Their brilliant homage--based on the real AAGPBL's Dorothy"Kammie" Kamenshek and the Callaghan sisters (apparently Marge was convinced to follow her sister Helen into the league by their own father)--eventually changed a lot after Madonna "agreed" to be in the film. According to 2023 tell-all book "NO CRYING IN BASEBALL" by Erin Carlson, Madonna (whose pointedly hetero-casting for AAGPBL "wildwomen" Faye Dancer &Pepper Paire Davis) drew much internal criticism during filming. Debra Winger, during her first 3months as Dotti, objected to Madonna's casting, and departed the project. Winger felt Madonna would twist this ensemble story into an "Elvis movie"(prima donna vehicle), because Madonna at first didn't know how to inspire--only threaten and challenge--her co-stars. To combat Madonna's attitude on set (confirmed in interviews), Rosie O'Donell's main job afterwards became wrangling Madonna. In befriending her, O'Donnell finally taught Madonna to play baseball, although still only like a dancer, as their director often complained, and what Tom Hanks called Madonna's "step-step-kick-FLING!" style (in HBO-First-Look). Eventually Madonna did well; none of her behind-the-scenes diva appears on-screen, except as comedy about All-the-Way-Mae's sexual prowess. Her performance is usually capped-off, hilariously, by her standup-comedian wrangler; plus she's helped by an incognito look with her dark-brown hair and surprisingly tiny physique.
And "Ro" & "Mo" in real life are still best buds 30+ years later.
Geena Davis wasn't a baseball player either, but as a real archery athlete, despite her very late casting, she soon outshone her Peaches "teammates"(actors) at baseball. Her diffident performance now embodies Dotti probably better than either Debra Winger or Demi Moore would have, and Davis' temperament matches her onscreen husband Bob (Bill Pullman)'s, making their onscreen marriage look extremely healthy.

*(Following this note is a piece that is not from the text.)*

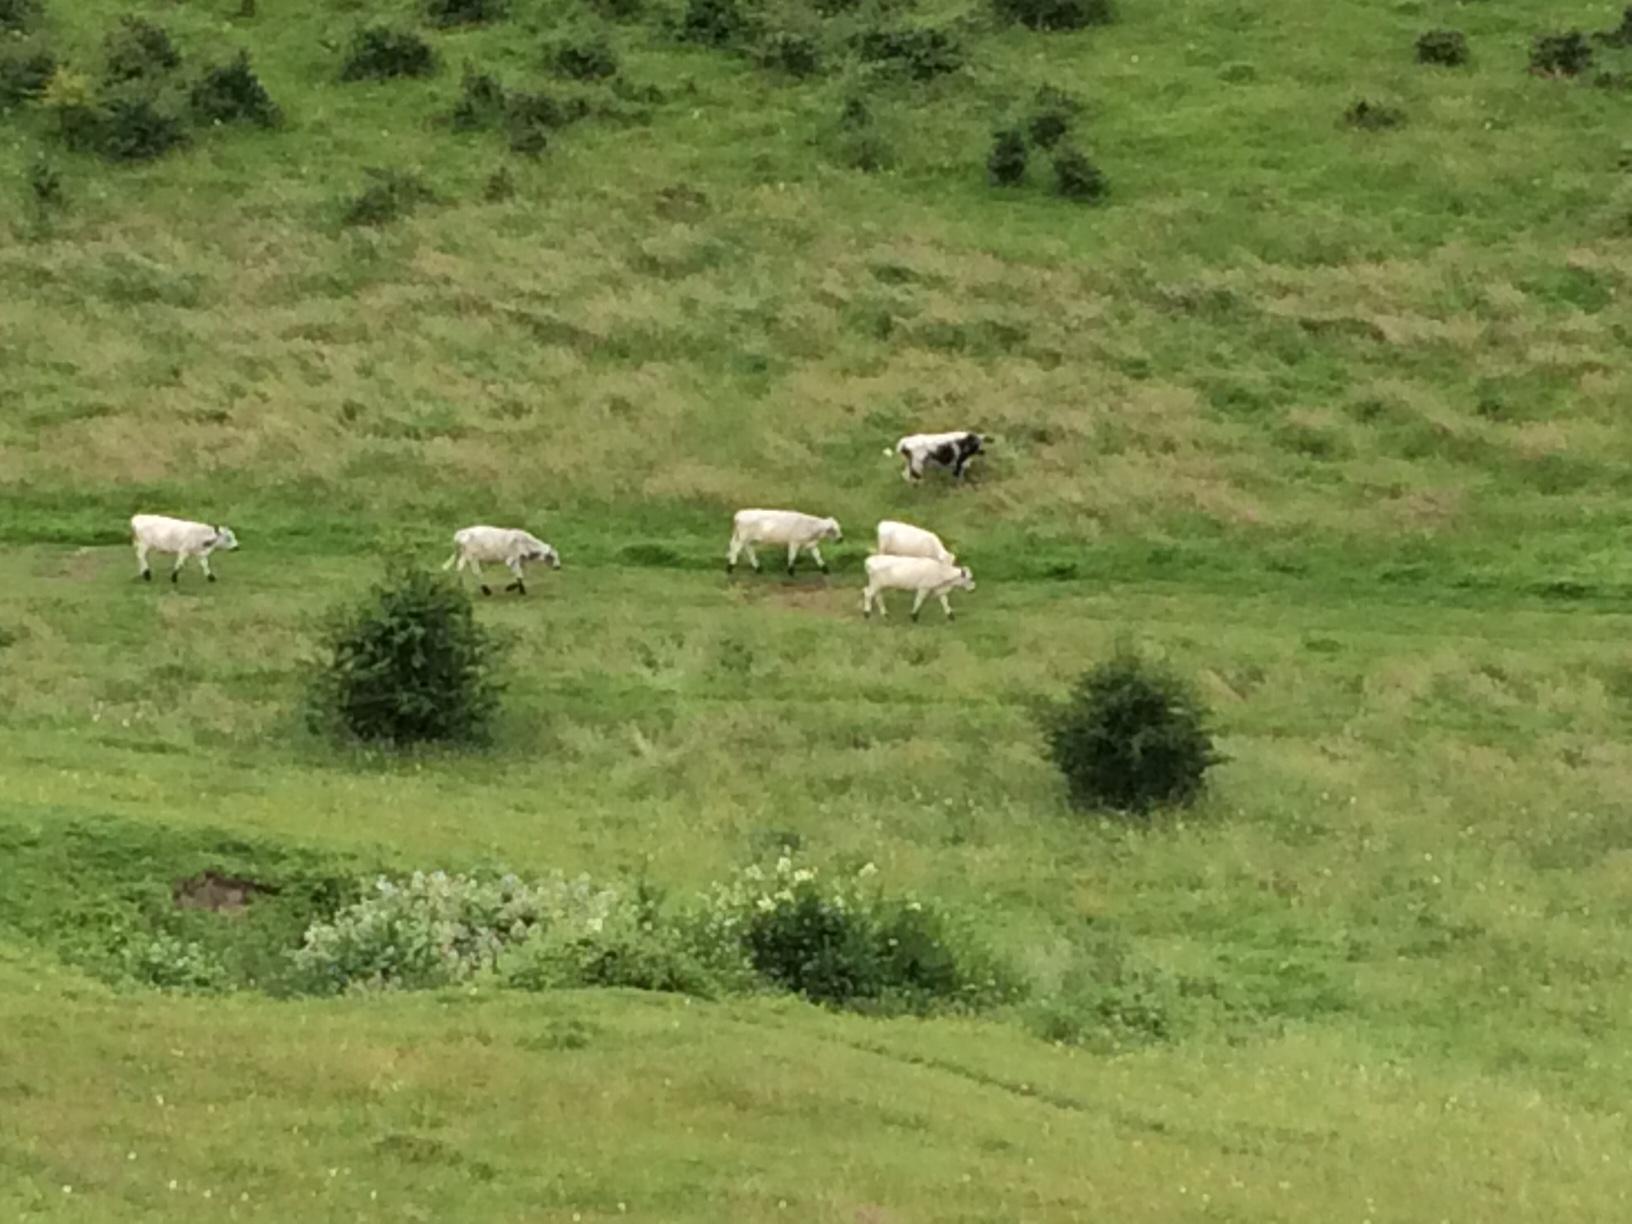 Cattle roaming on Whiteshute Ridge in Winchester

Tom Hanks is unavoidably likeable even as gruff, alcoholic-has-been manager Jimmy Dugan (based mainly on AAGPBL's Jimmie Foxx). His trickiest performance is his hungover, mushmouth-tirade outside the bus, capped ever-so-perfectly again by Doris (O'Donnell):"Was that ENGLISH??"...after his embarrassed "frenching" of chaperone Ms. Cuthbert (Pauline Brailsford). Back on the bus Jimmy hilariously "compliments" Ms. Cuthbert for resembling the (1938) Wizard of Oz witch! Dugan's drunkard character introduction really began with his peeing in the locker-room sink (never washing his hands), then shredding Betty Spaghetti (Tracy Reiner)'s husband's precious baseball card with those same fingers! Sharp-eyed viewers will catch this as Hanks' incipient bladder-related cutesy career bit.
Marla (Megan Cavanagh, Maid Marian's hefty-but-pretty chaperone in Men in Tights(1993)) Hooch's looks--and maybe name--proceed to launch an epic running gag of her being seen as the ugly/backwards tomboy; but audiences should really expect her eventual triumph with just a change in circumstances. Marla's surprising life journey benefits greatly from her warm single-father (Eddie Jones)'s loving indulgence of her talent, not her deportment.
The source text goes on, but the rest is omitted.